We next tested whether S100A4 mimetics can substitute for its functions in S100A4-deficient animals. Confirming our previous findings (Fig. 2a), the S100A4 knockout mice were more susceptible to brain trauma than their WT littermates (Fig. 4g and Supplementary Fig. S3b). Both H3 and H6 decreased neuronal loss in S100A4−/− animals to the WT level, indicating that the peptides exerted direct neuronal effect mimicking that of extracellular S100A4 (Fig. 4g and Supplementary Fig. S3b).

To address the therapeutic potential of S100A4 peptides in a clinically relevant experimental setup, we treated mice with H3 or H6 after induction of TBI. When first injected 2 h after brain trauma, both peptides reduced the delayed neuronal death nearly two-fold (Fig. 4h and Supplementary Fig. S3c), suggesting that they could be useful means for developing neuroprotective therapies.

The S100A4 mimetics were also beneficial in the excitotoxicity model. H3- or H6-treated mice had fewer seizure episodes after KA administration (20 mg kg−1, Fig. 5a, stages 1–4). Summarized by severity, H3 and H6 markedly attenuated both low-grade and high-grade seizures (Fig. 5b). The peptides were also protective against more severe excitotoxicity induced by a high KA dose (30 mg kg−1), which caused 60% mortality in the vehicle group. In this experimental setup, mice receiving the peptides had almost two-fold higher survival rates (Fig. 5c). Accordingly, the peptide-treated mice had lower neurodegeneration in the hippocampus 24 h after KA administration (20 mg kg−1), reaching significance in the H6-receiving group (Fig. 5d) and exhibited an increased hippocampal expression of MTI+II (Fig. 5e). Thus, the effects of the S100A4 mimetics in the two models of brain injury supported the neuroprotective function of S100A4 in vivo and suggested that the S100A4-induced upregulation of MTI+II is one of the mechanisms behind it.

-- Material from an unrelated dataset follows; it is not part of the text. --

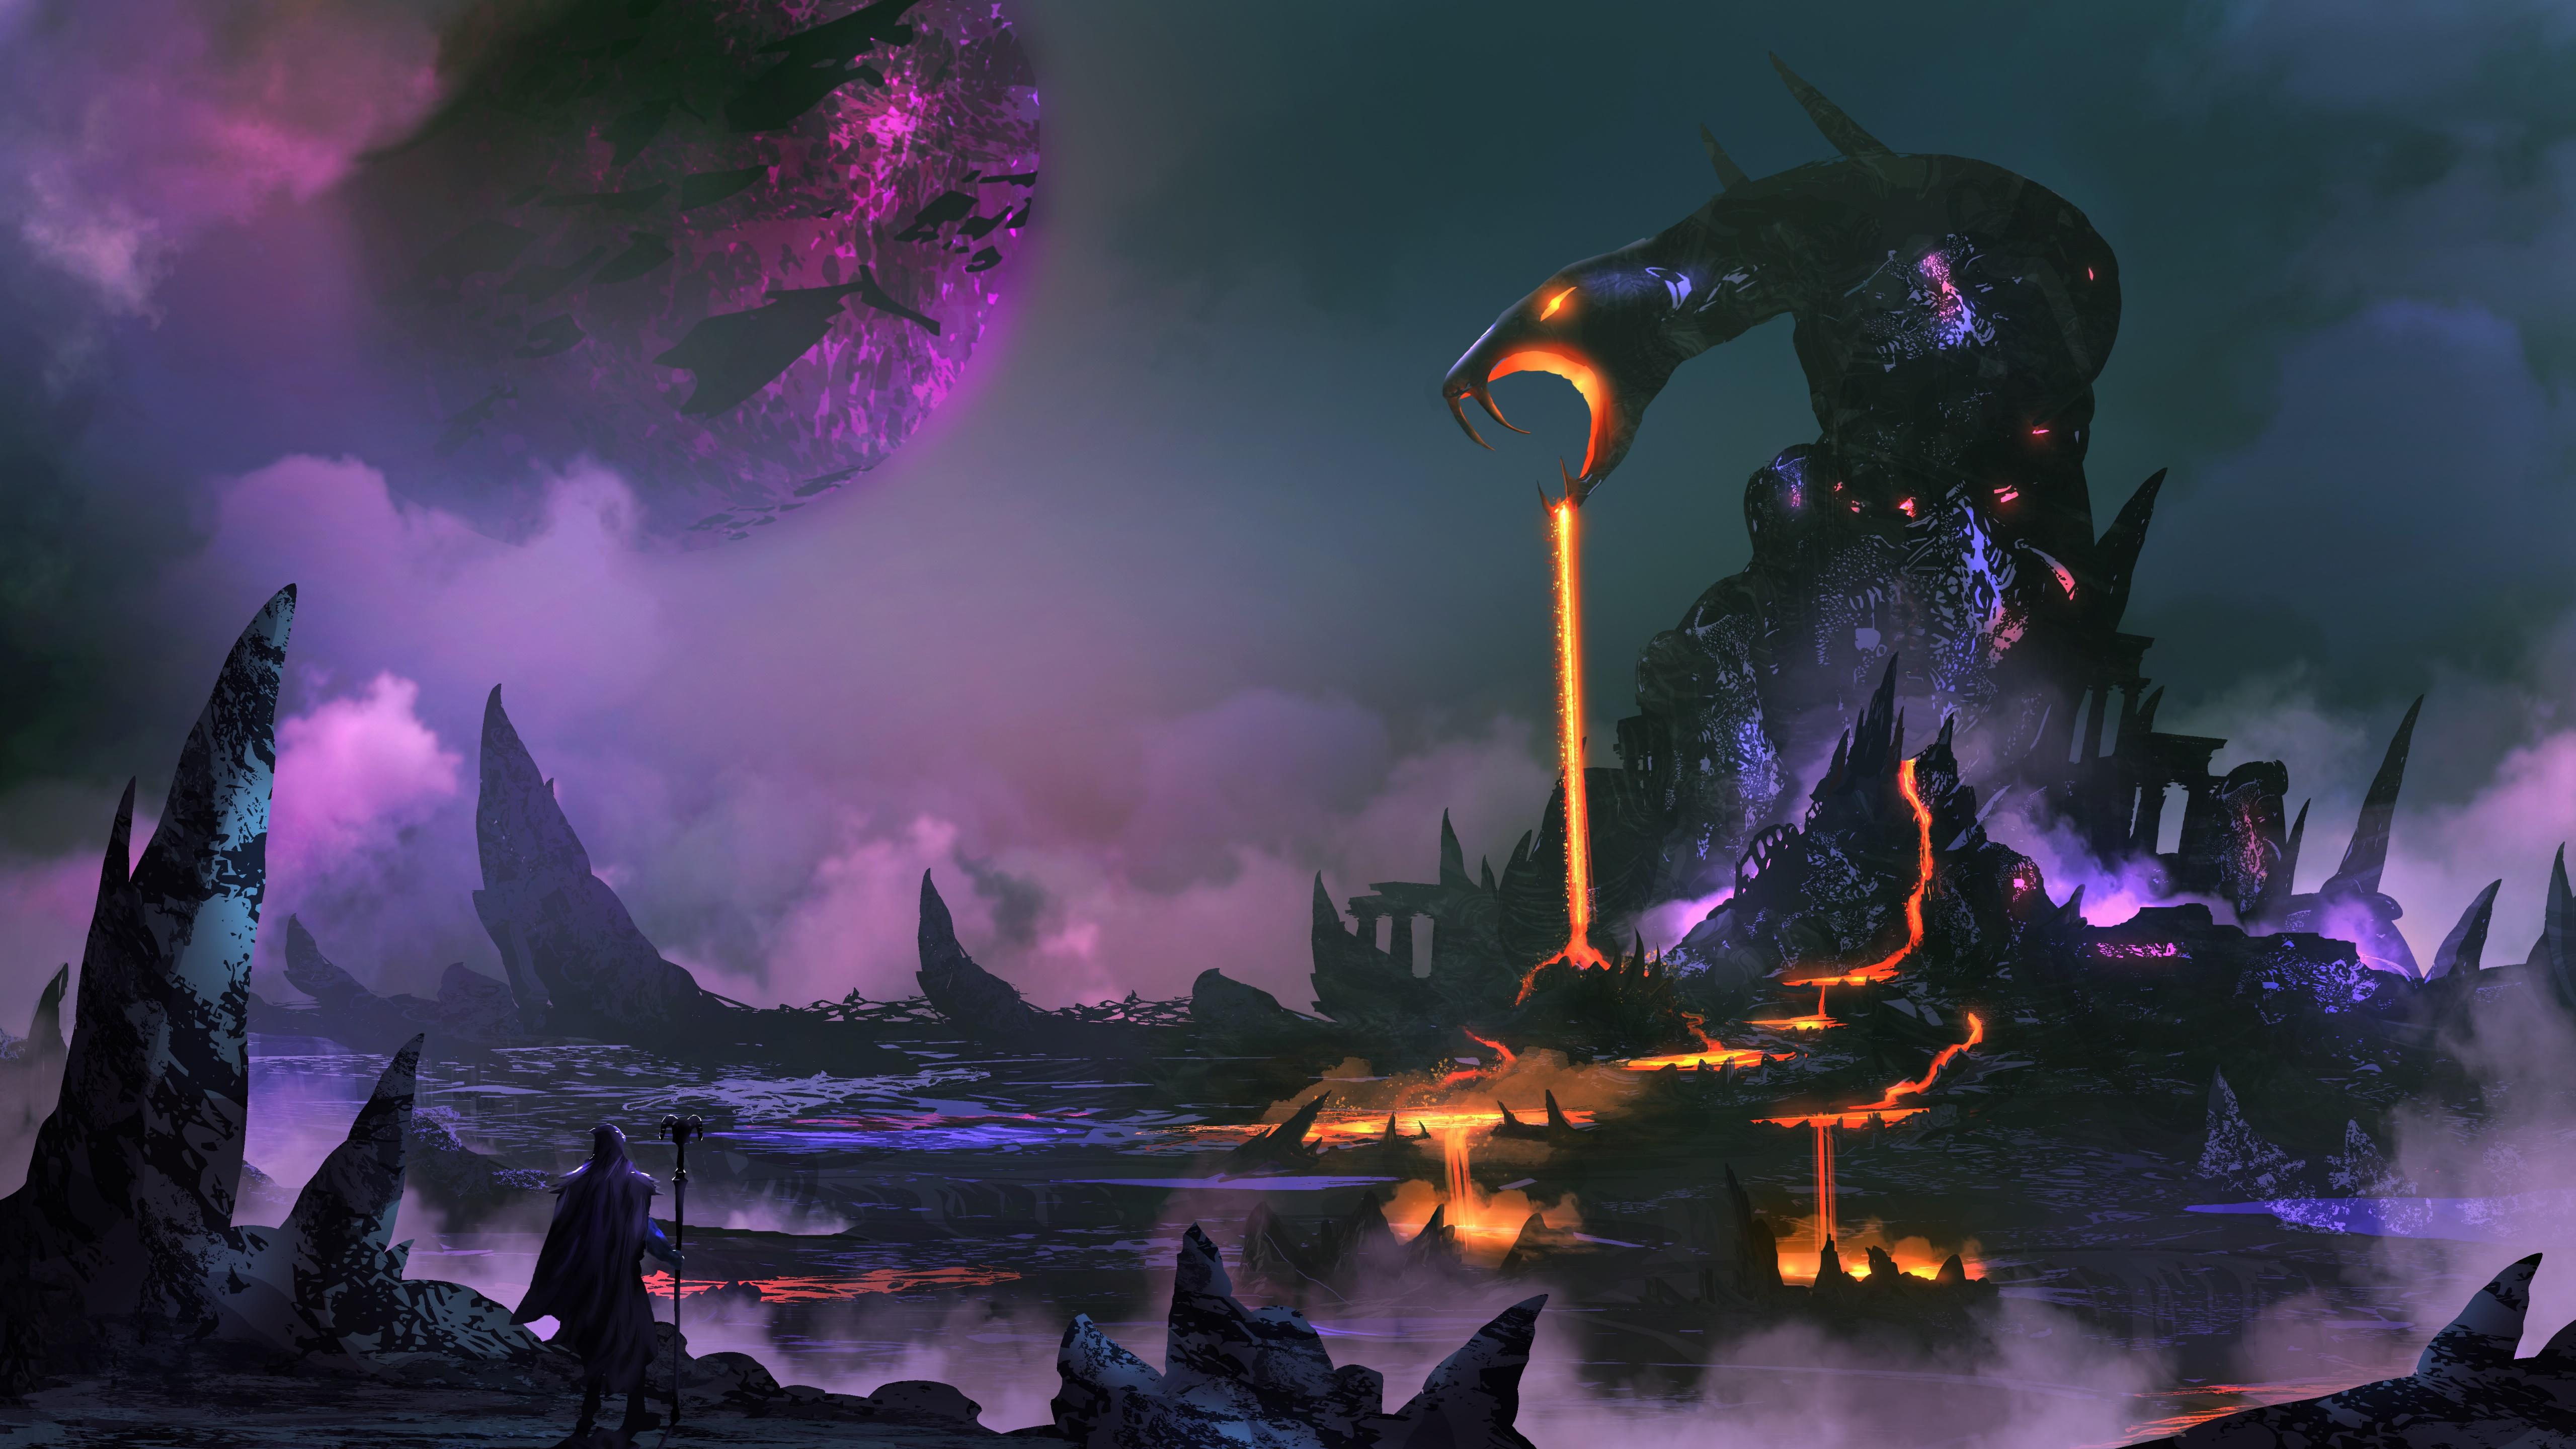 Lava Monster wallpaper

Figure 5: S100A4 mimetics are neuroprotective against KA-induced excitotoxicity.
figure 5

(a,b) H3 and H6 ameliorate KA-induced seizures in C57BL/6j mice (a), summarized by severity in b. Seizure episodes are scored 1–5 by increasing severity as described in the Methods. n=14/14/14, ANOVA versus Veh. (c) H3 and H6 decrease KA-induced mortality. n=31/31/31, Fisher’s exact test versus Veh. (ac), four independent experiments. (d) Neurodegeneration in the hippocampus 24 h after KA administration (20 mg kg−1), cresyl violet staining. Virtually no pyknotic cells were detected in the intact hippocampi (not depicted). Scale bar, 50 μm. n=8/8/8, ANOVA versus Veh. (e) MTI+II expression in the hippocampus. Intact/Veh/H3/H6, n=5/6/4/6, *ANOVA versus Veh; # two-tailed t-test versus Intact. (a,b,d,e) Results are expressed as means±s.e.m. *,#P<0.05; **,##P<0.01; ***,###P<0.001.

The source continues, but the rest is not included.